February 15, 2016
Influencer marketing continues to gain weight in the digital advertising landscape. Forbes was the first to proclaim its explosive growth last year and today we witness more and more brands choosing to invest into personas, rather than ads. Advertising has always been geared towards the customers’, however these days it’s more about buying the audience of influencers, who bring prospective leads and dictate the purchasing decisions for many others.
Peer-to-peer advice and word-of-mouth marketing are the two most powerful techniques, especially when it comes to millennials and Gen Z. In fact, influencer marketing, which leverages both of these strategies, brings the average ROI of $6.50 for $1 spent is $6.50 according to this study.
Ready to leverage your marketing game this year? Here 3 best practices to launch better influencer marketing campaigns.
Use the Right Metrics to Scale Influencers
It’s not always about the vanity numbers and followers count. Buying social media followers goes as easy as one-two-three these days. So, whic do you prefer: getting your company was mentioned on a Facebook page with 100.000 fan, who hardly care about the influencer’s content or the one with modest 5K super-engaged fans, who regularly comment, like and share the influencer’s content? The answer is obvious.
“We encourage our clients to look beyond the follower number and pay more attention to engagement rates. Background checks are also essential. Detecting fake followers and fake engagement is rather simple. You should review the influencer’s follower growth curve for a start. If there were some sudden growth spikes, most likely that stands for non-organic follower count inflation. Spotting fake/purchased accounts is rather simple too – they usually don’t have profile pictures, post a lot of spammy/nonsense content and have a significantly higher following count then followers themselves,” – says Jesse Leimgruber from NeoReach.
Further on, he advises to review the previous branded campaigns the selected influencer did and whether there were any returning clients. If such were present, consider you have found your best deal! If not, ask the blogger to provide the stats from the campaign or contact the brand, which worked with them and ask for their feedback. A lot of the companies don’t mind sharing an honest feedback on their campaigns.
Do you know what’s the core difference between an advertorial and a branded/sponsored blog post? The latter does not push a sale so bluntly, however turns better results.
After identifying the right influencers for your project, reach out to them with your ideas, not demands. Influencers want to be treated as partners in a campaign and in terms of their creative input. In fact, 77% of influencers admit that creative freedom makes a big impact on their decision to work with a certain brand.
Sure, you already have some vision of your campaign, but don’t push the influencer to follow your rules. They know their audience better than you do and can predict which type of content will resonate better or worse. Share your ideas, provide all the information they’ll need about your brand and some additional guidelines and allow them to have 100% creative autonomy on the final product. The results are likely to surpass your boldest expectations.

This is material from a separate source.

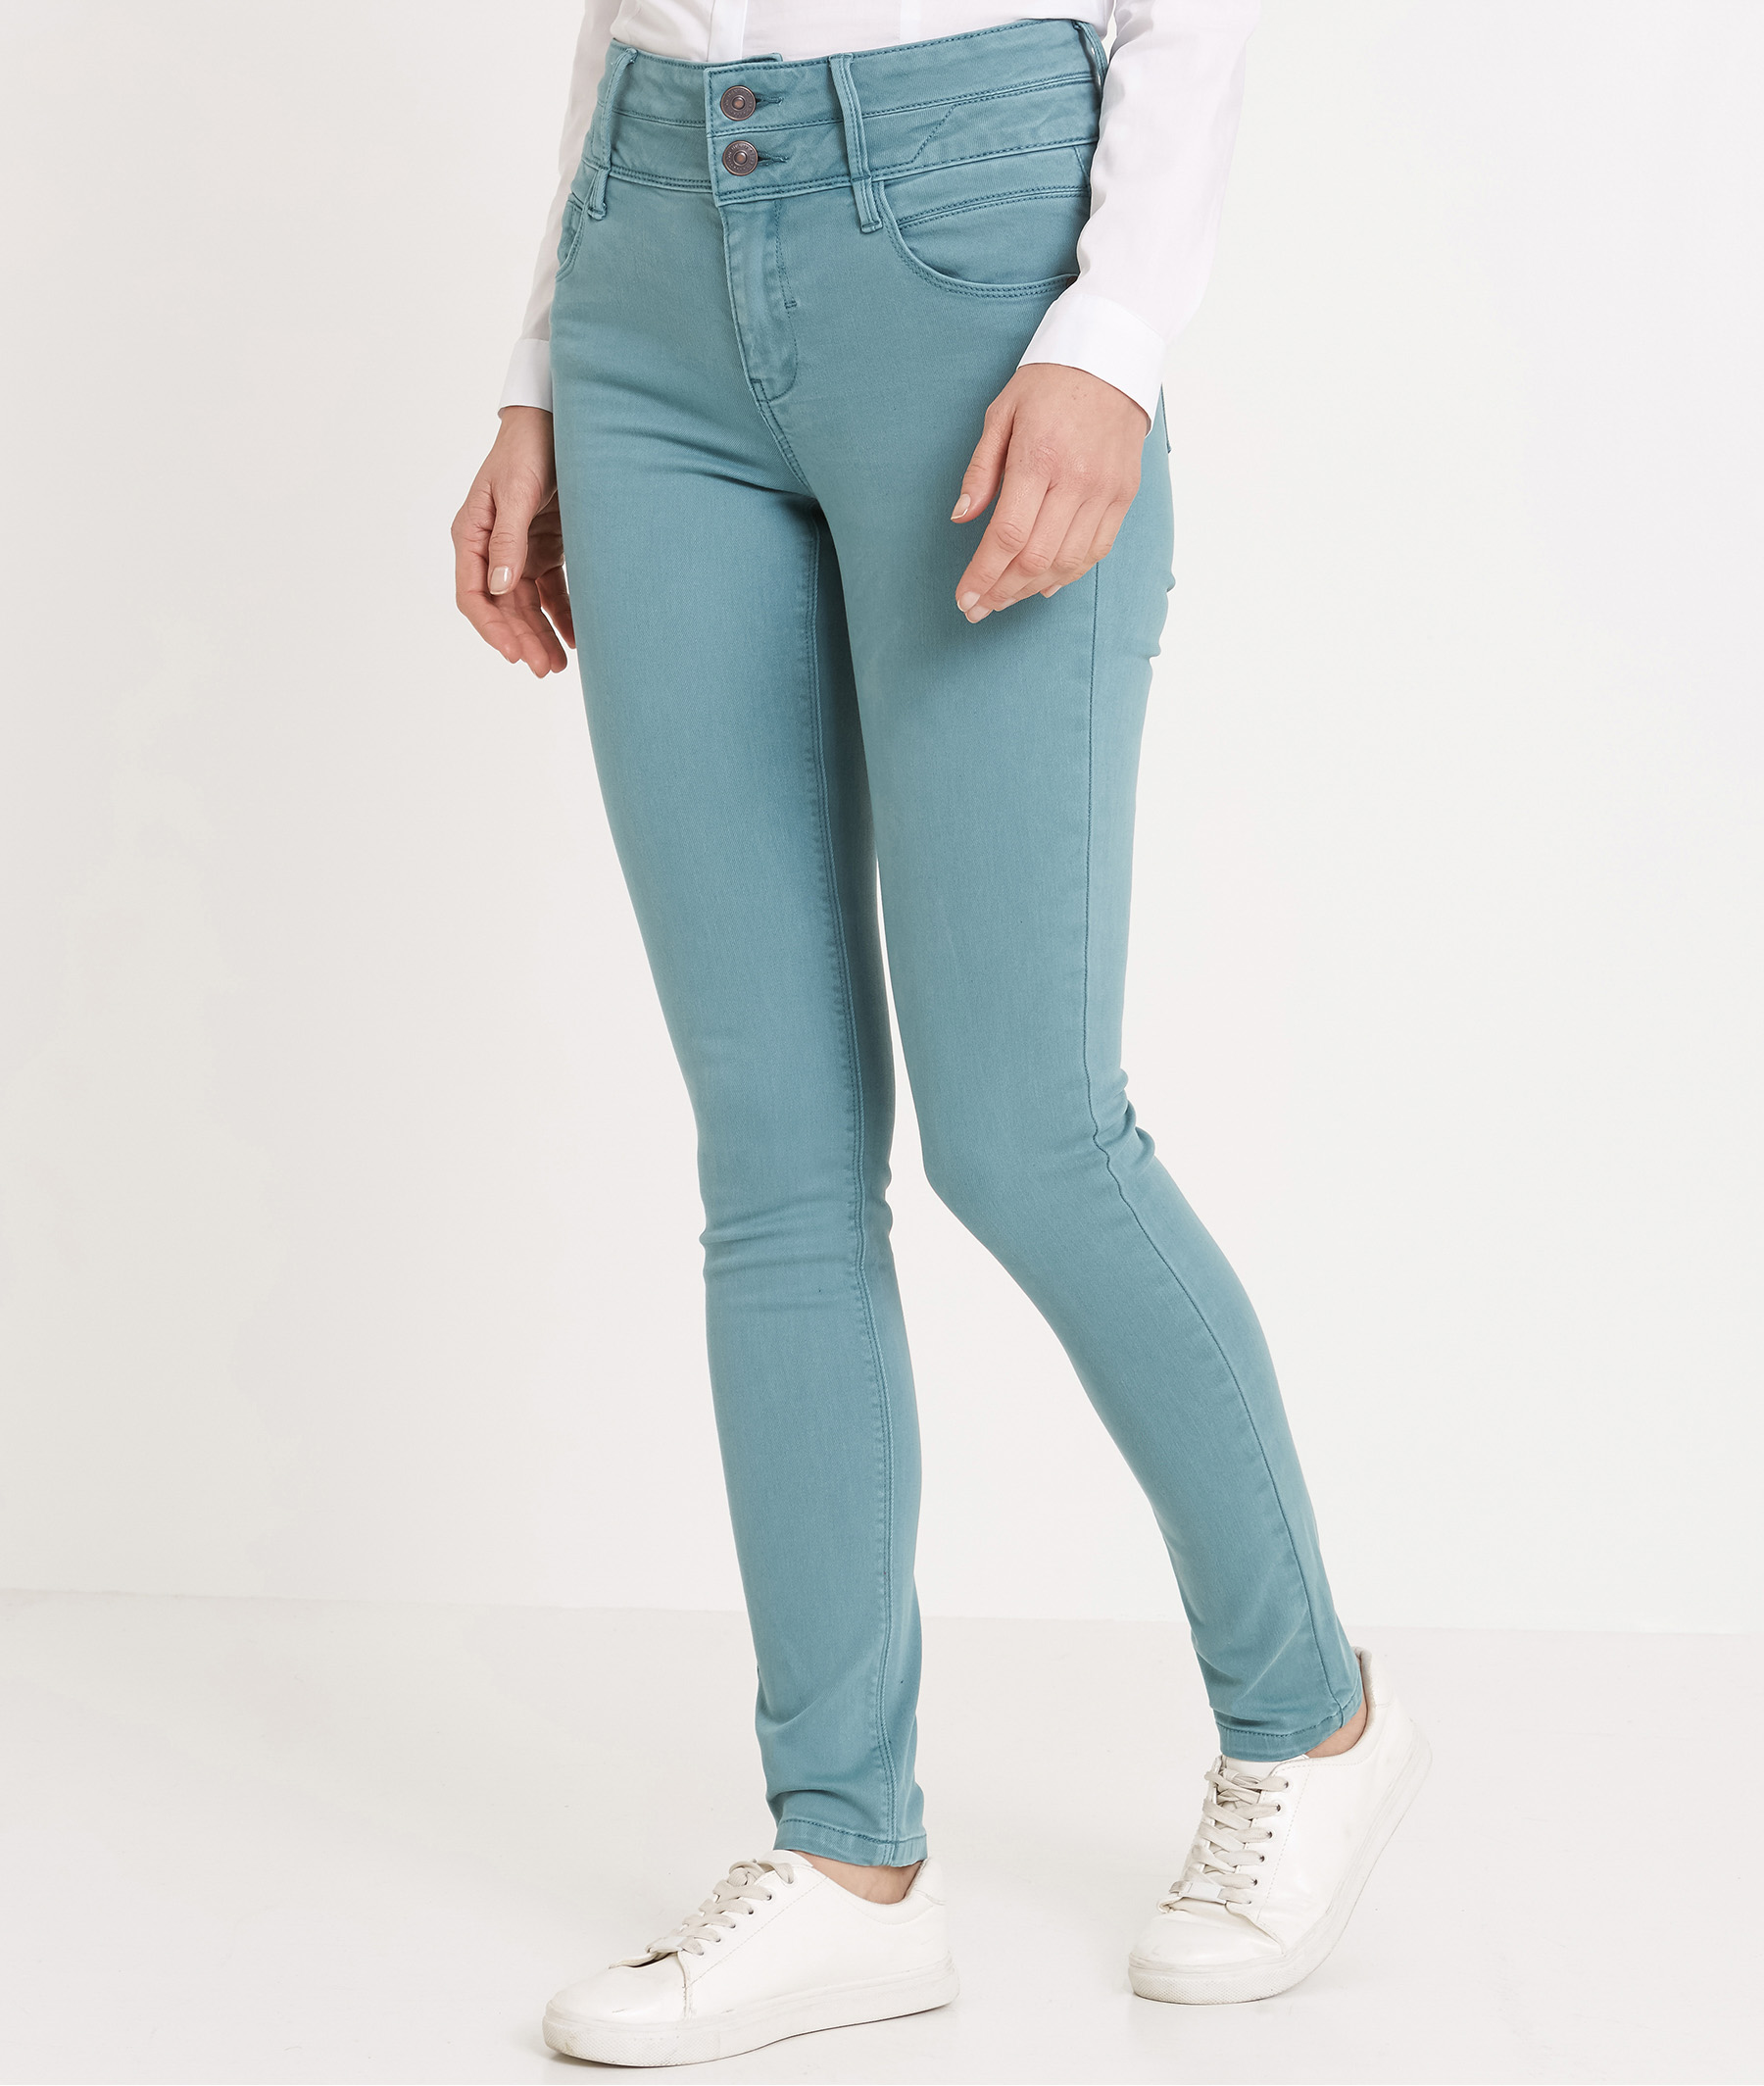 Pantalon femme slim taille haute BLEU

The Influencer Is Not Your Target
Most companies approach influencer marketing the following way. They draw the ideal buyer persona profile e.g. 20-25 females from US, who make X amount of money per year. The problem is – things don’t quite work this way.
Here’s a quick example to illustrate the point. Michelle Phan is stardom YouTuber with over 8 million followers. She gained her popularity with beauty/makeup tutorials; though she occasionally throws in other type of video content e.g. personal stories, travel videos and so on. She also says she loves traveling, drawing and playing video games a lot. However, it is her makeup tutorials easily gain over 1 million views in less than a week after publishing, whereas other type of content typically performs slightly worse. If I were a travel company, I would not choose to work with her even though her audience does fits into the “20-25 females from US, who make X money”.
Bottom line: the influencer’s main audience isn’t always the demographic they belong to themselves. If you want to reach a certain audience segment, it’s best to work from the opposite – identify which type of content they prefer to consume and afterwards figure out the best influencer bet.